Mário Sérgio Teodoro da Silva Junior

O Rei Leão, dirigido por Roger Allers e Rob Minkoff (1994), uma das mais

conhecidas animações da Disney, conta com um tema central muito forte e bem estruturado

ao longo do filme. Este tema, o ciclo da vida, é declarado logo nos primeiros minutos com a

canção “Circle of life”, que “[...] fala da ordem natural das coisas e de uma ligação sagrada

entre todas as criaturas vivas, elementos temáticos bastante relacionados com a trama central

e a heroica jornada de Simba [...]” (SURRELL, 2009, p.91).

O próprio pretexto da narrativa é a quebra de um ciclo, a quebra da sucessão correta do

poder, quando o falso rei Scar mata seu irmão – o então rei leão, Mufasa – assumindo o trono

e, de certa forma, exilando o sobrinho que é o rei por direito.

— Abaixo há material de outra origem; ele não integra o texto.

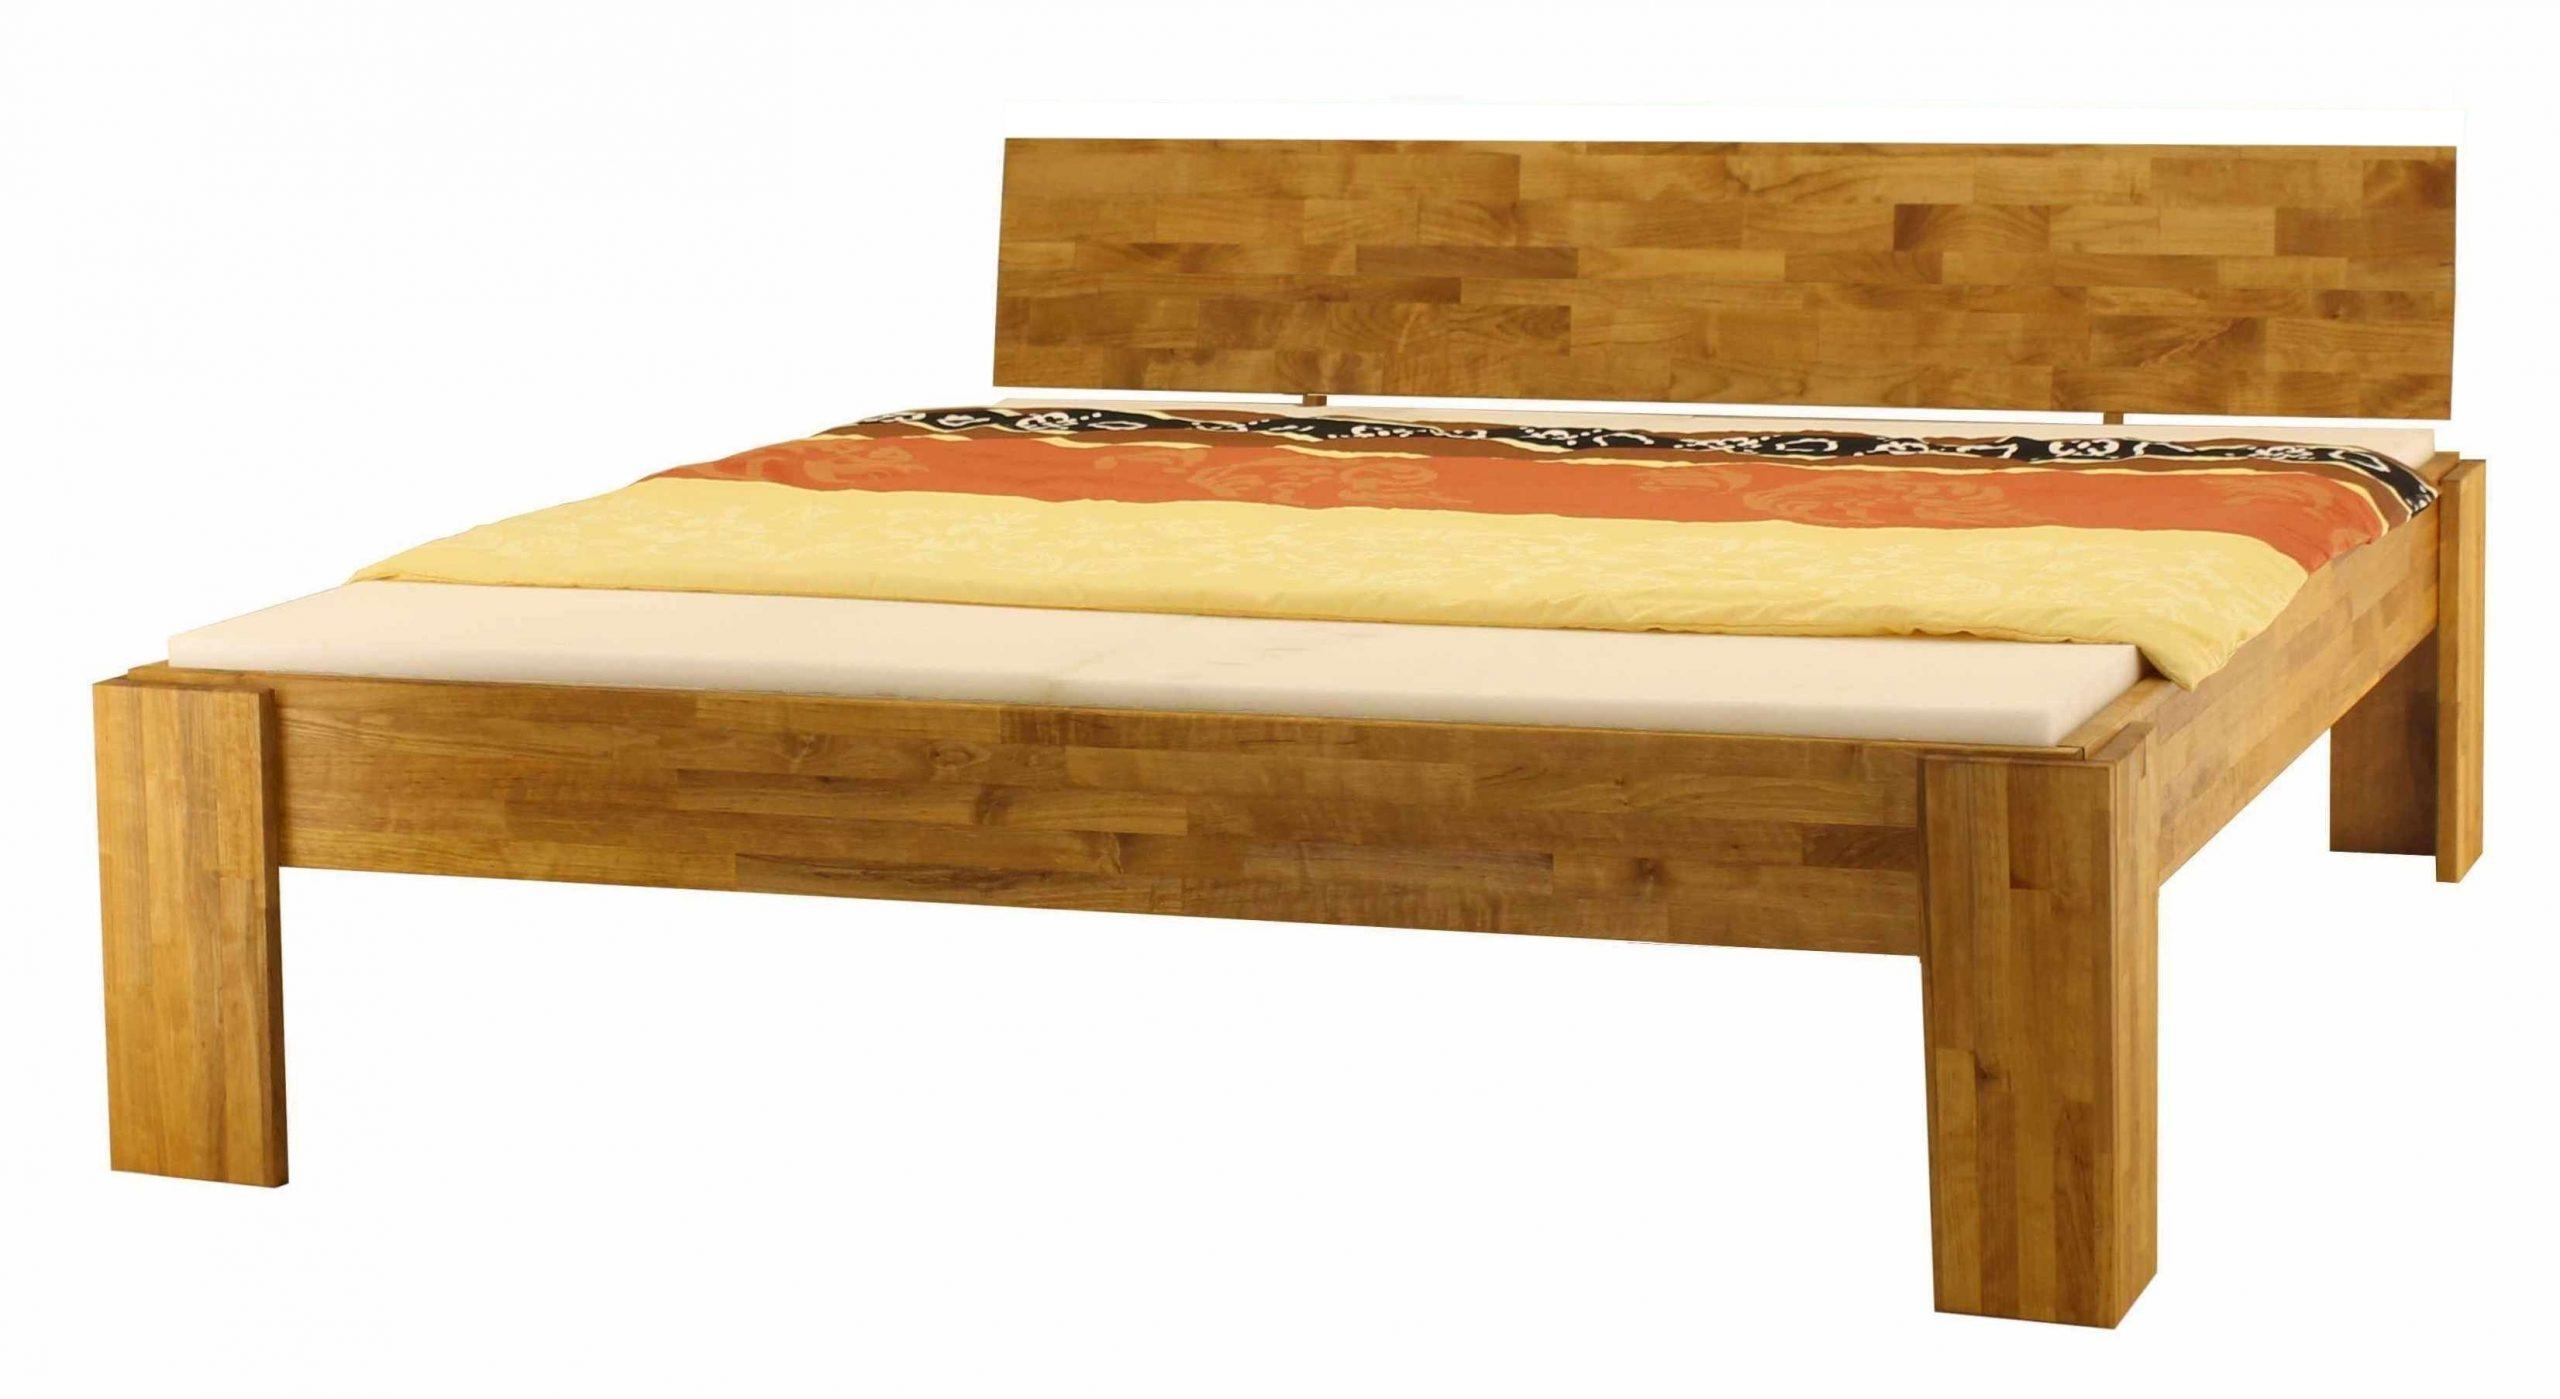 Full Size of Esstisch Holz Ebay Betten Gebrauchte Vollholzküche Massivholz Regal 180x200 Flexa Bett Teenager Holzofen Küche Bad Waschtisch Außergewöhnliche Bett Betten Holz

Além do nó da história, a narrativa, de modo mais amplo, apresenta outras

circularidades. No discurso do filme, vemos a recorrência de diálogos e cenas que conferem

circularidade. A cena inicial, por exemplo, traz a apresentação do príncipe leão recém-nascido

à sociedade da savana. Quando chegamos ao fim do filme, este pequeno príncipe, Simba, está

crescido e agora ele é quem apresenta o filho à sociedade numa atitude semelhante a da cena

primeira (Figura 1).

Figura 1: ALLER; MINKOFF, 1994, min 3, 82. Os três primeiros quadros são referentes ao início do filme, e os três últimos, ao final.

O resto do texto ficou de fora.